Riggins spent last week hospitalized and in traction for treatment of a bad back. Recovering sufficiently to play on Sunday, he said yesterday his back was "just a little sore -- not too bad."
Riggins, who met the president yesterday morning, said Reagan told him that he hadn't been able to watch the game or read the sports pages. But White House social secretary Gahl Hodges said she had watched the game with considerable anxiety. "I knew who our Santa was going to be," she said, "and I was sitting there saying to the TV set, 'Don't let anyone beat up on John Riggins.' "
Mrs. Reagan said the 2,800 Christmas ornaments on the huge tree were made by young people from Second Genesis, a residential drug treatment program in the Washington metropolitan area, and by volunteers at the Brandywine Museum in Chadds Ford, Pa. Using such natural materials as pine cones, nuts, dried thistles and milkweed, they fashioned tiny animals, stars, angels and other figures.
When someone asked why there were no toys under the tree, Mrs. Reagan looked surprised.
"There aren't any usually before Christmas ," she said.
"I still got all that out on my sled. You can't watch me at work," said Riggins, whose wife Mary Louise and three children, Portia, Robert and Emil, accompanied him.
"That's my Santa," Mrs. Reagan said, visibly relieved.
In the East Room, six more blue spruce trees were decorated with dried baby's breath flowers, tiny lights and glass icicles. The Cross Hall was an explosion of poinsettia trees, pine boughs, red bows and Christmas wreaths, one of which had supplanted Richard Nixon's new official portrait on the south wall.
In the State Dining Room was assistant executive chef Hans Raffert's 36-inch-high gingerbread house. Illuminated red, blue and green windows (made of gelatin leaves) represent the Red, Blue and Green rooms at the White House.
Accompanying Santa and Mrs. Reagan on this part of the tour was Lucky, the Reagans' 9-week-old black sheep dog, decked out in a red and green knitted cap with the words "Christmas 1984 -- The White House."
Taking it all in was the White House correspondent for the official Soviet news agency Tass, Alexander Shalnev, who told Mrs. Reagan he thought the decorations were "very beautiful."
"I'm glad to have you here," the first lady said.
Earlier, she told reporters, including Shalnev, that what she wants for Christmas "and I suppose what everybody wants, is peace."
Shalnev was seen scribbling something in his notebook.

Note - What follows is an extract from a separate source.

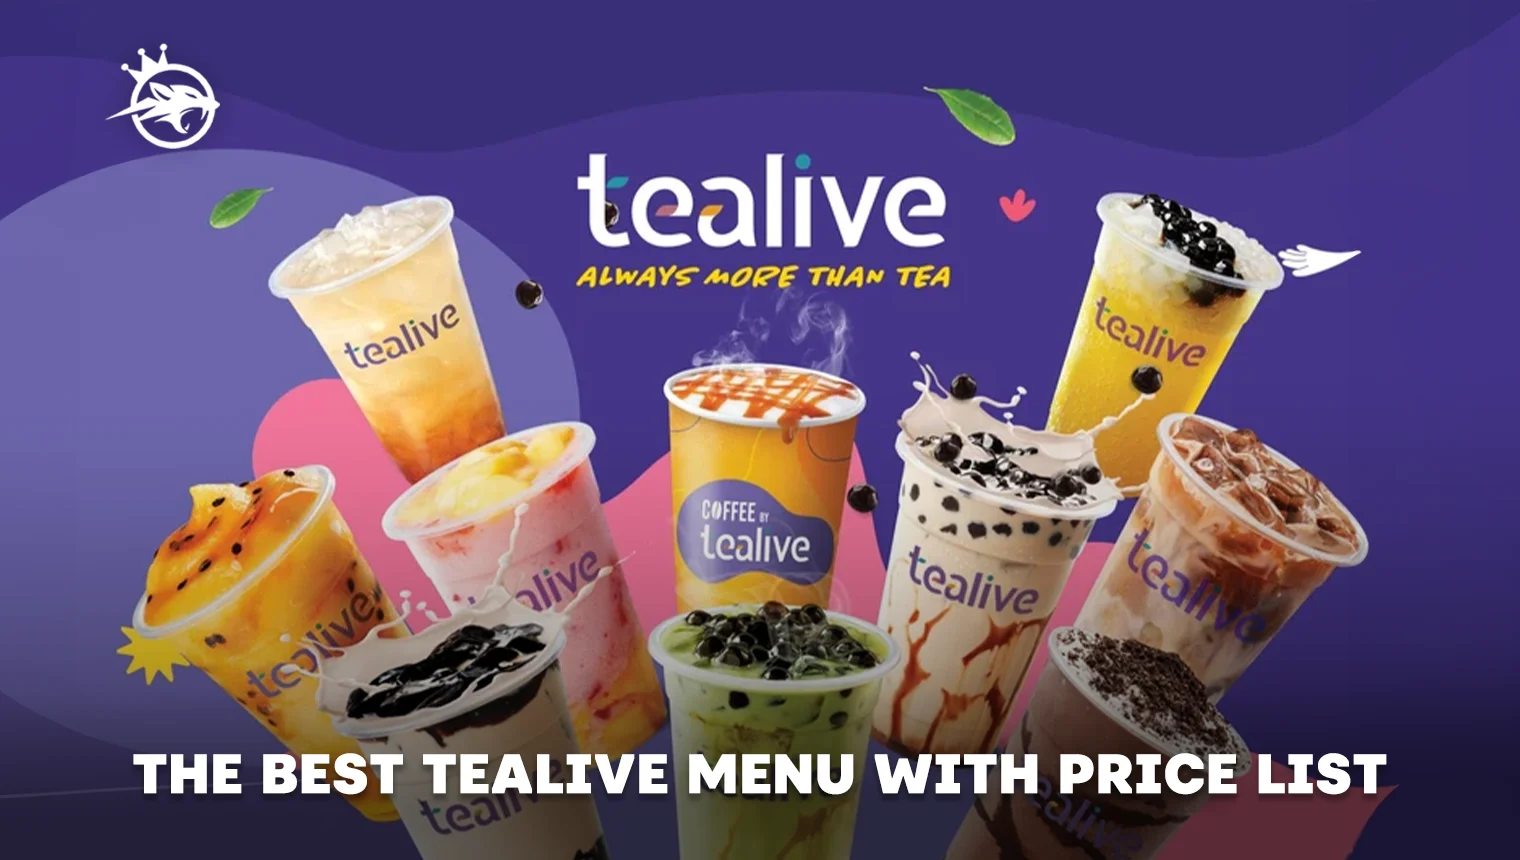 The Best Tealive Menu with Price List

About 650 are expected at the Reagans' big Congressional Ball tonight, but one who is not is Rep. Geraldine Ferraro (D-N.Y.). She'll be in Madison, Wis., under the auspices of Time magazine, addressing a University of Wisconsin audience on the future of the Democratic Party.
Ronald Reagan was the first in Time's Distinguished Speaker series. Ferraro is the second and in the view of some she is also a prime candidate for Time's annual person of the year cover.
The party was so casual that yesterday morning the hostess still hadn't decided what she was going to serve. But when you've been friends as long as they have, as Carrie Lee Nelson said of the dinner she and Gaylord Nelson gave last night for former Senate colleague Walter Mondale and his wife, Joan, "You don't just get together for Carrie Lee's chicken breasts."
The invitation to a "preholiday lunch" was surprisingly formal. And, indeed, once guests assembled Sunday at La Chandelle Restaurant the surprise was on them.
The hosts: Faith Collins, former deputy press secretary to Rosalynn Carter and now executive assistant to the head of Fannie Mae (Federal National Mortgage Association), and Thomas J. Scanlon, founder and president of Benchmarks, Inc., a consulting firm that specializes in international development assistance. They were married the day before by the Rev. Theodore Hesburgh of the University of Notre Dame, who flew in especially to tie the k; t.